April 3, 1995 in Nation/World

Post Falls To Celebrate Namesake With Pageant ‘Stories Of Q’Emiln’ Will Offer History And The Falls Itself

By The Spokesman-Review
 

To do something new, Post Falls is relying on the old. The River City will see the history of its falls in a pageant debuting this summer.

“We wanted Post Falls to have something unique,” said organizer Nancy DiGiammarco. “And we got everything I dreamed of having.”

This August, Post Falls will offer tourists and residents the “Stories of Q’Emiln,” an original play.

Q’Emiln means throat of the river.

DiGiammarco plans to build a stage near the top of the falls. Bleachers will surround the stage for a theater-in-theround effect. Donations from local businesses will pay for the stage.

Coeur d’Alene playwright Tim Rarick and composer Tom Cooper collaborated on the play. Their project draws on Indian legend as well as history.

“Stories of Q’Emiln” will anchor the Festival of the Falls, a brainstorm of DiGiammarco, director of Post Falls’ Tourism, Convention and Visitors Bureau, and Betsy Bullard of the Post Falls Arts Commission.

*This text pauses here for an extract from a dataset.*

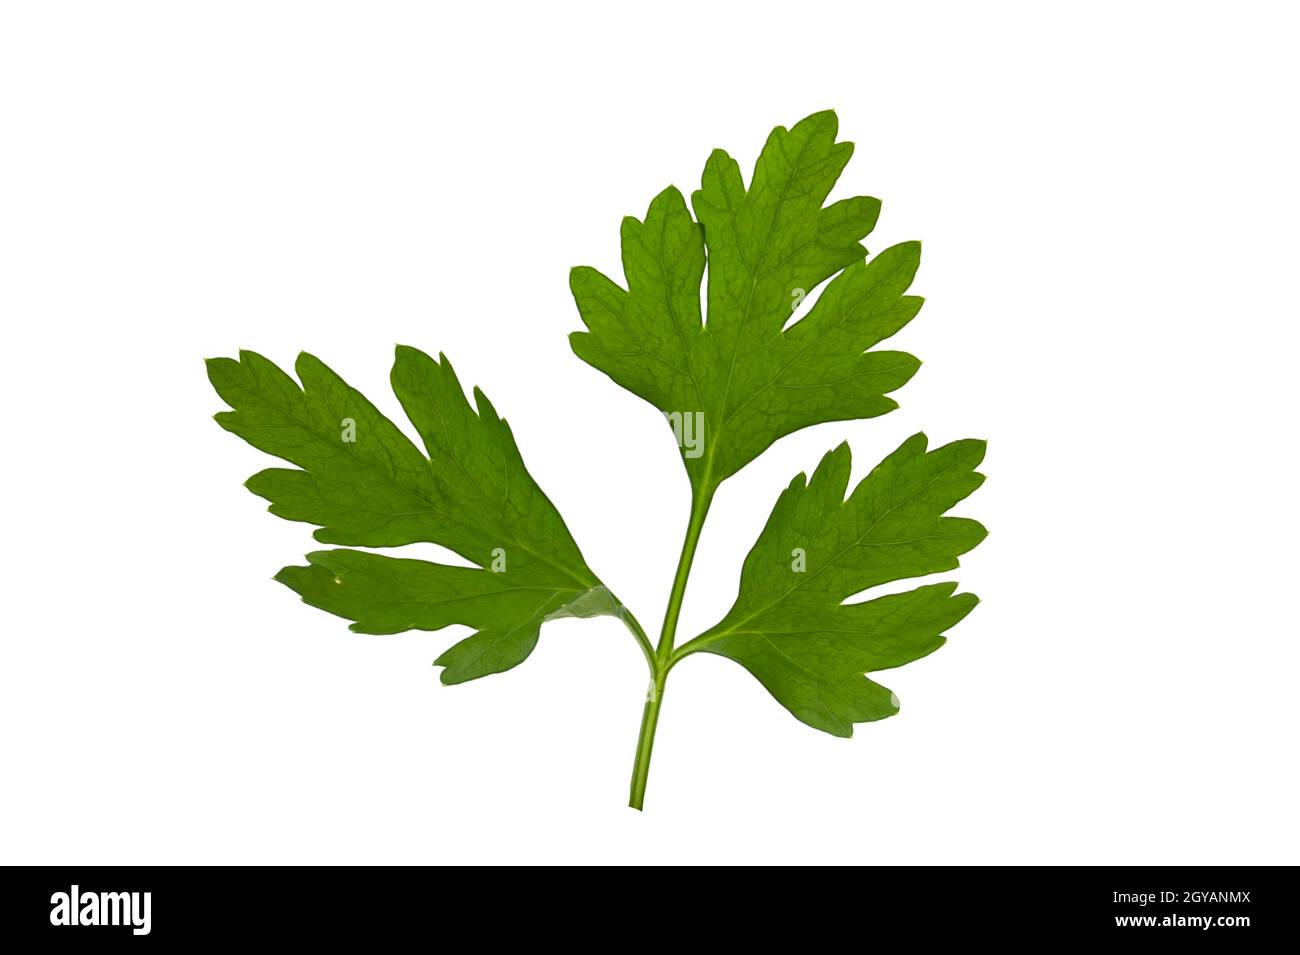 Close-up leaf of fresh green parsley isolated on white background Stock Photo

The festival will take place Aug. 18 and 19 in Falls Park.

“It’s not just something for tourists,” DiGiammarco said. “It’s something for our community.”

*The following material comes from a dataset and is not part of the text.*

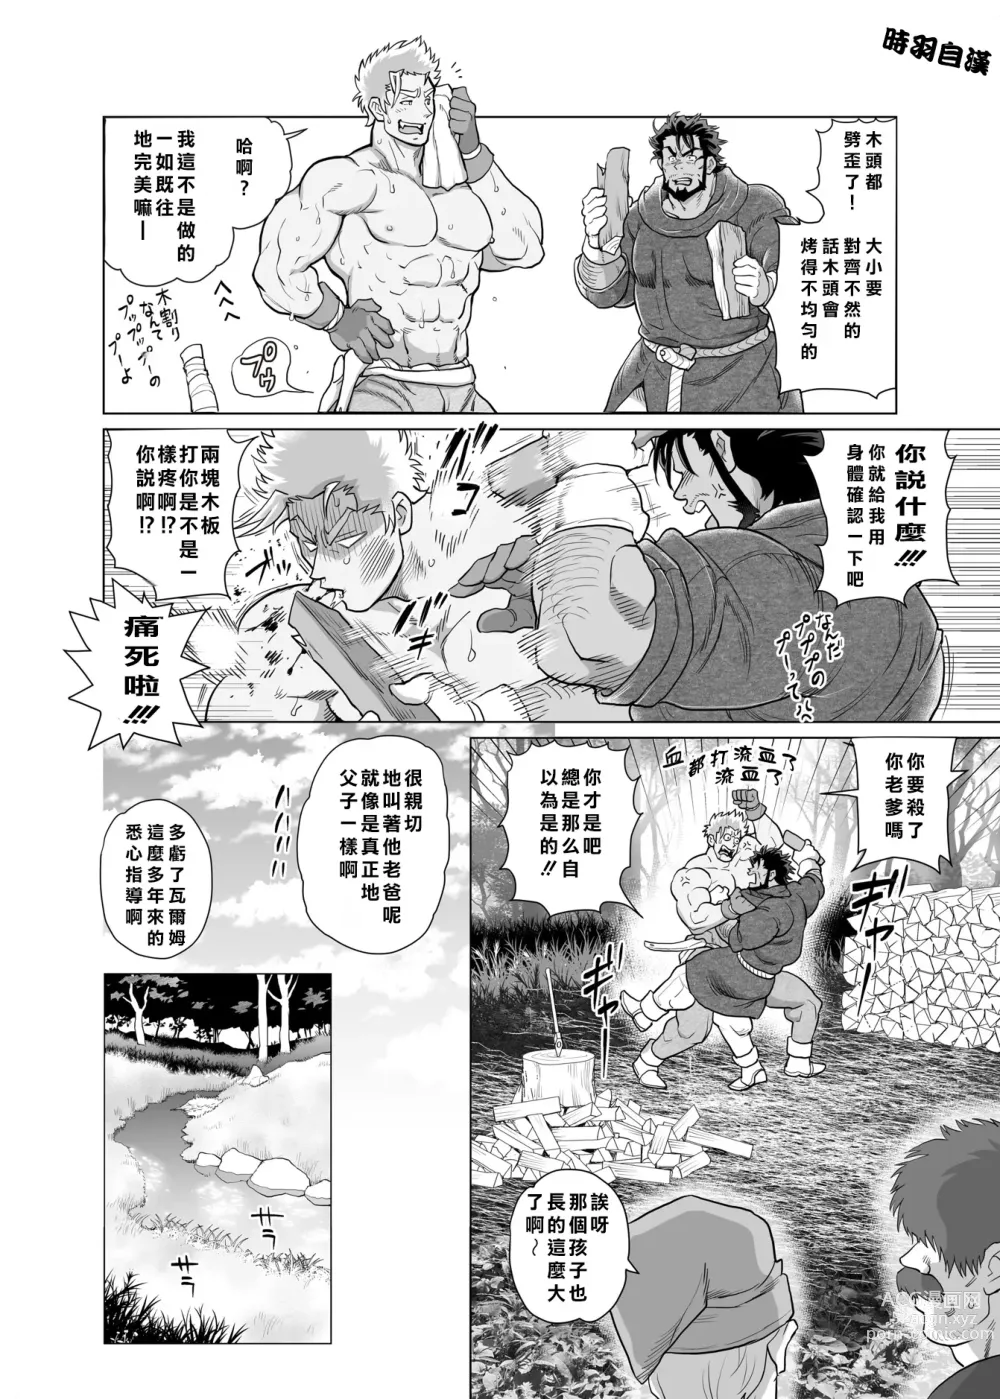 Page 6 of manga 茶柱立吉炭焼き親父は夜の森で鳴かされる

With that in mind, DiGiammarco asked Rarick to write a short play on Frederick Post, the town’s founder. But other names, such as Coeur d’Alene Chief Andrew Seltice, surfaced in Rarick’s research.

“Tom and I finally decided the story of Post Falls is really about the falls itself,” the playwright said. “So it was logical to begin with Indian myth and legend about the creation of the Earth.”

Rarick broke the falls’ history into 12 stories. He begins with the tale of Coyote falling in love with a Coeur d’Alene Indian princess and creating the falls in vengeance when her father rejects him as a suitor.

Another early story features a 16-foot puppet as a giant who invaded the area. According to Indian legend, children captured the giant and he carved the channel that became the Spokane River as he escaped.

The stories progress from the development of the land to the arrival of the Black Robes, or Jesuits, and the Army to John Mullan’s famous road and the town’s birth. It ends with Chief Seltice’s death at the turn of the century.

“In most places, we wanted to be historically reliable,” Rarick said. “But in some places, we took a flight of fancy.”

For example, a story about the first white woman and her marriage to Post’s foster son, John, positions the woman, Flora, at the top of the falls ready to jump.

“She was told there was a town and there wasn’t yet,” he said. “She realizes it’s only in their minds.”

The authors will be paid $4,000 from the Idaho Commission on the Arts.

“I’m so blown away by all this,” she said. “This play is far beyond anything I’d ever imagined.”

xxxx Auditions Auditions for the play’s 10 teen and adult roles will be held 7-9 p.m., Wednesday, at Rossi Productions, 501 Lakeside Ave., in Coeur d’Alene. The cast will be paid.